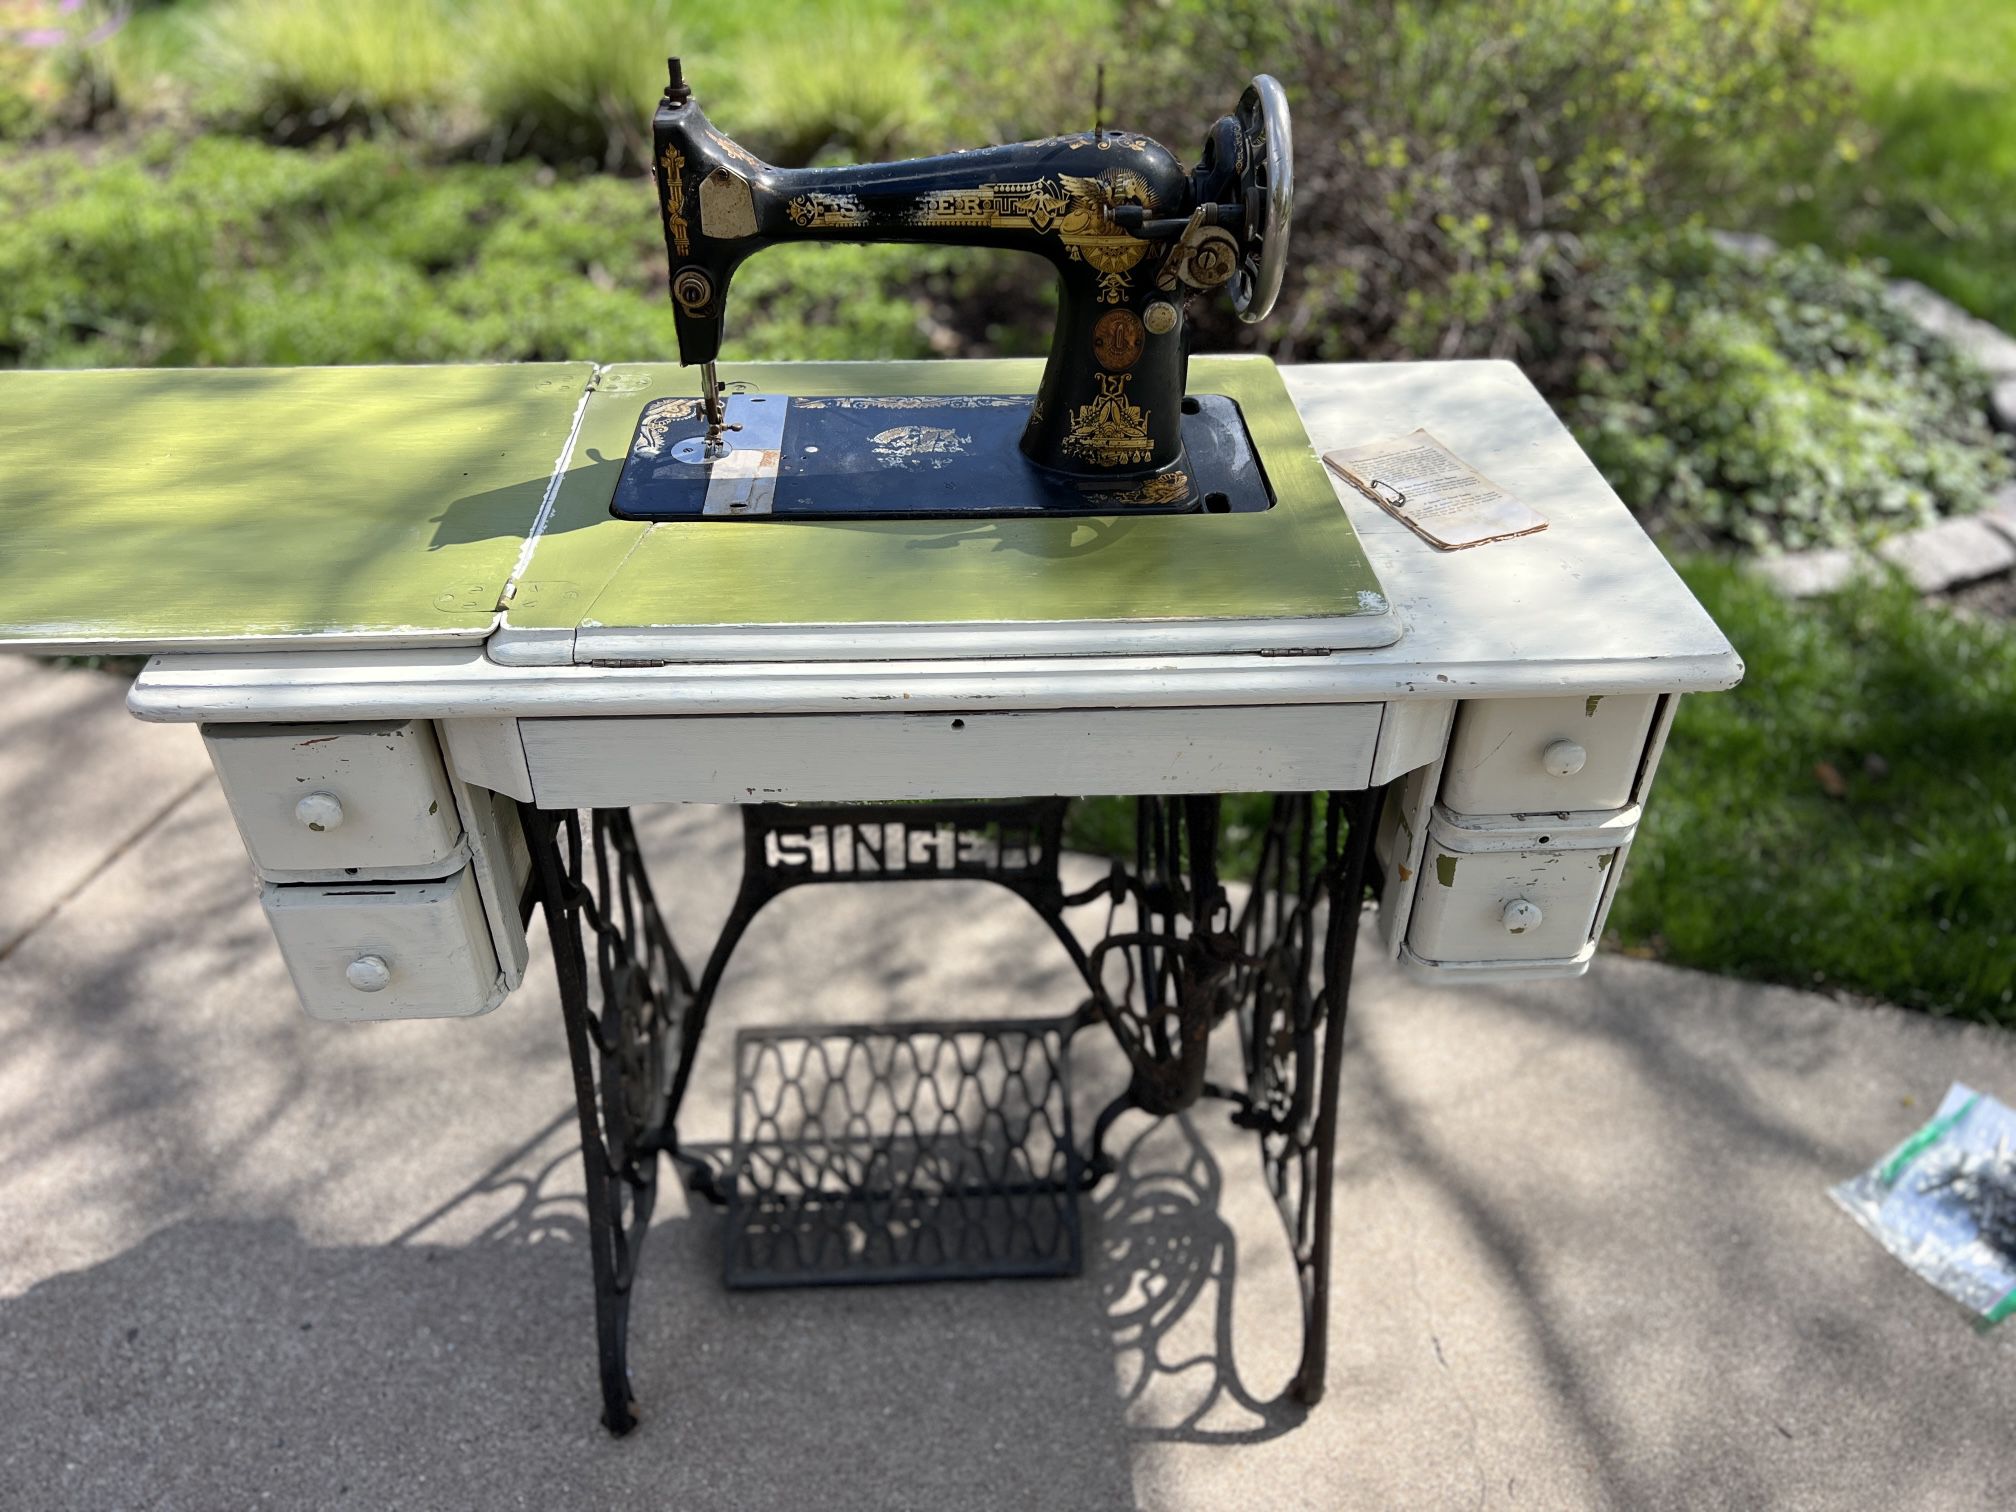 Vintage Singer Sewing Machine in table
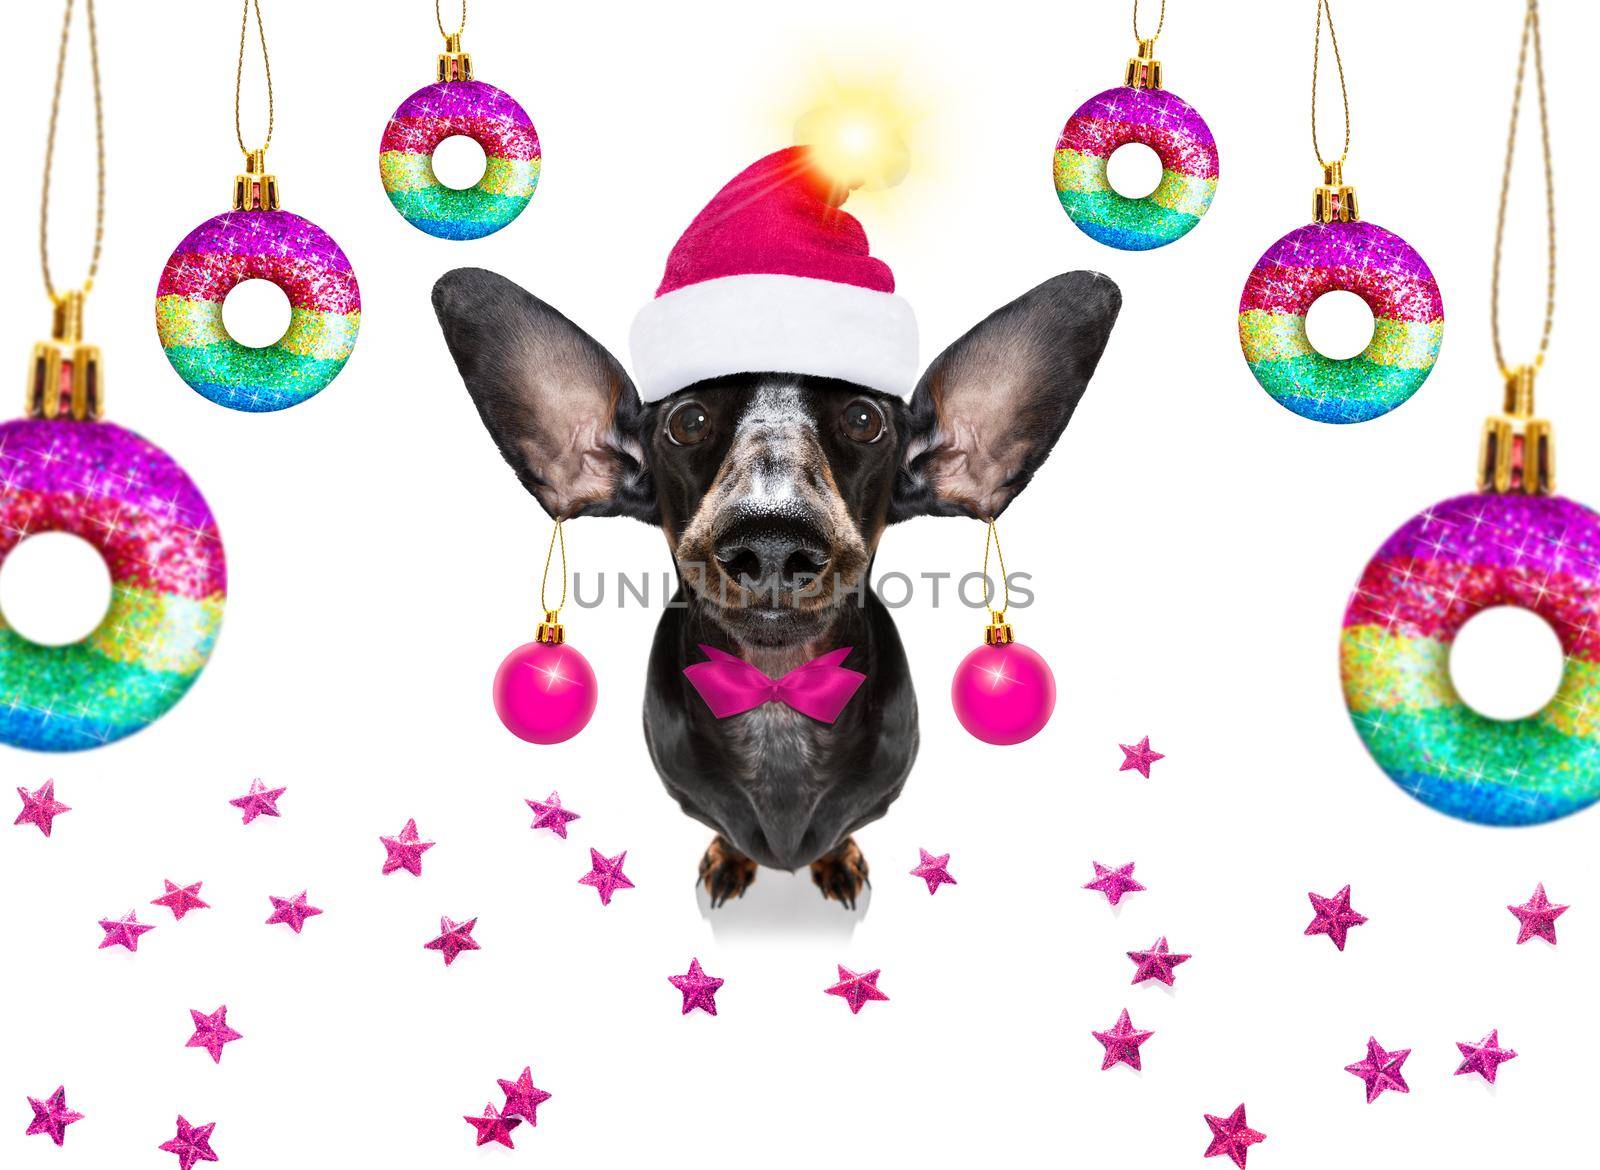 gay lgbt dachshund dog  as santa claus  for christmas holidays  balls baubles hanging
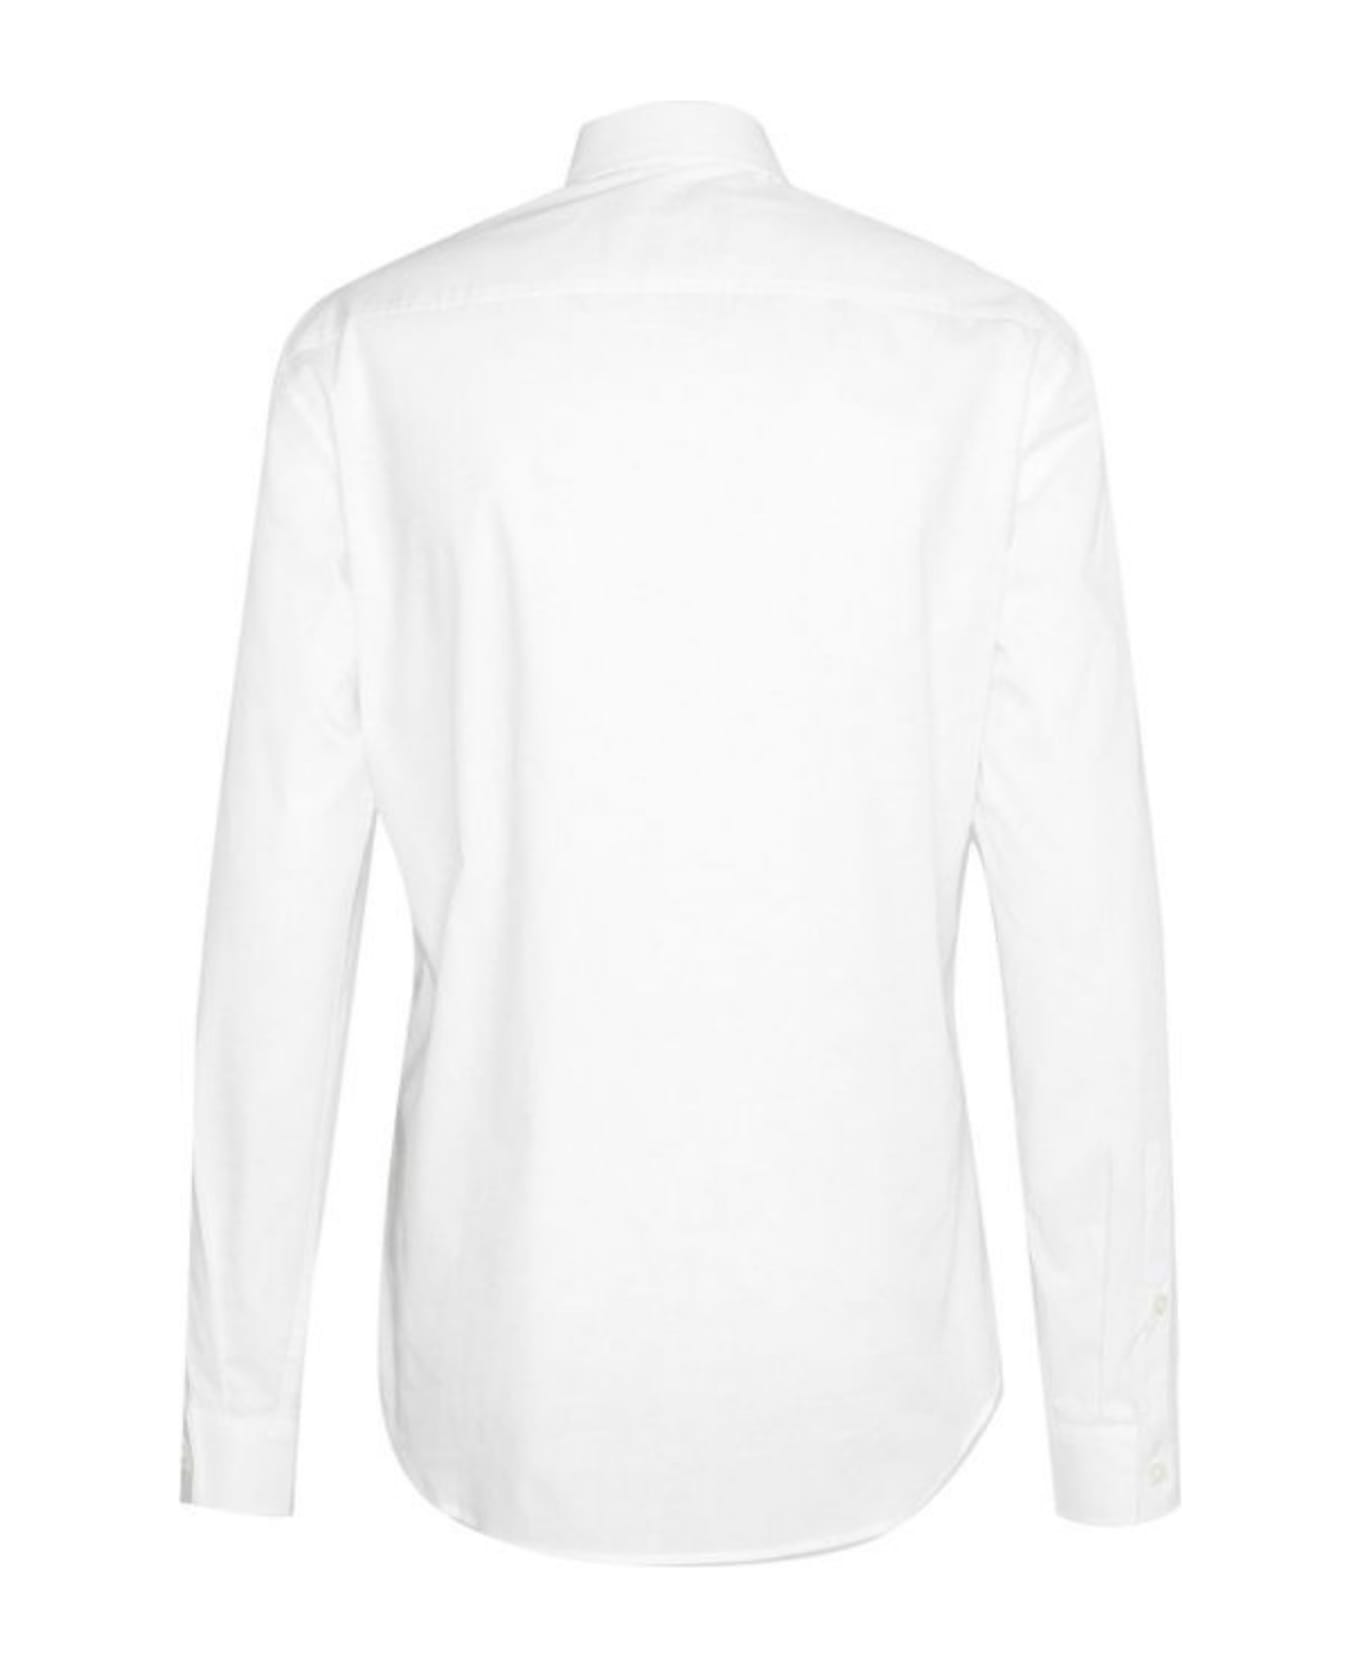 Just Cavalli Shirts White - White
========
**WORK REQUEST**
Retype all the material word for word while skipping any picture it contains.

**OUTPUT**
 Vintage Singer Sewing Machine in table
 gay lgbt dachshund dog  as santa claus  for christmas holidays  balls baubles hanging
 Just Cavalli Shirts White - White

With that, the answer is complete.